REFLECTIONS FOR THE YES! LEADER
Immediately the question comes to mind: Does this trend
toward all-roles-in-one-person run against the grain of another trend I’ve
frequently discussed in this blog – the notion that people should play to their
strengths? Certainly, some people who find themselves expected to play these multiple
roles will discover that they’re just not very good at some of them. If they
try to follow the strengths-based approach and only do those things they are good at, will the trends that Pink
cites make that option tougher to employ?

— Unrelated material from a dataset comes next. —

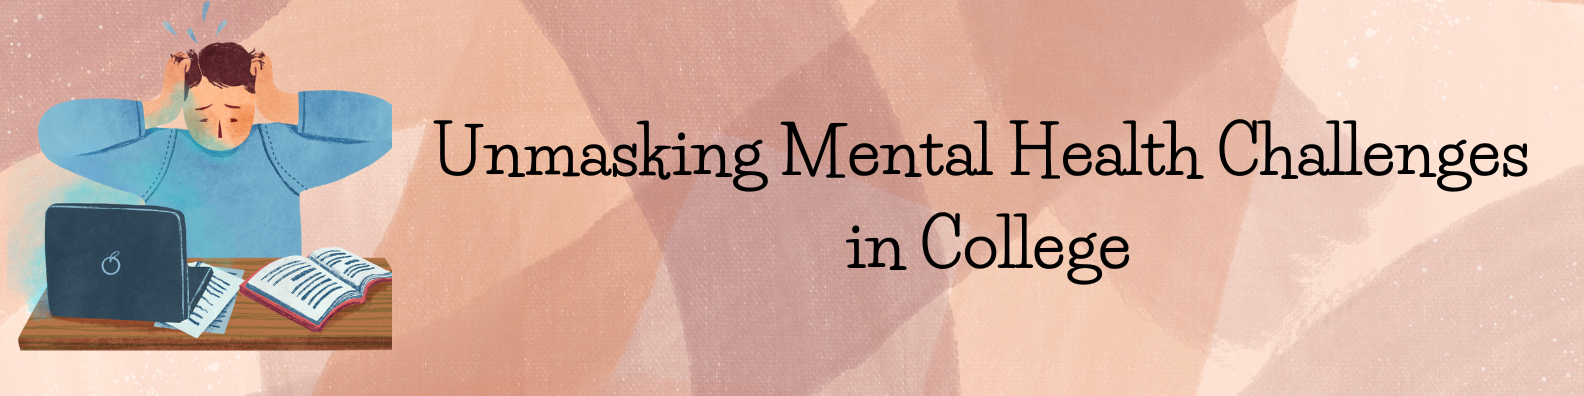 Unmasking Mental Health Challenges in College

These are questions I’ll return to at a later time. One
thing I do suspect, though, is that there is such a thing as “foundational
skills” that every person, no matter his or her role, must be able to play at some level if he or she hopes to achieve
anything in the world. And the ability to “move” people – to influence,
instruct, engage, etc. - to at least some
degree is probably one of those foundational skills. Very few of us could
afford to (or I imagine would want to) sit in an ivory tower thinking great
thoughts that never filter down to others (even a few) in a way that might
change their behavior (even a little). As I continue to read Pink’s book, I’ll
be eager to see how he addresses this strain of resistance I’m sure many people
have to the idea of being in sales (even the non-selling kind).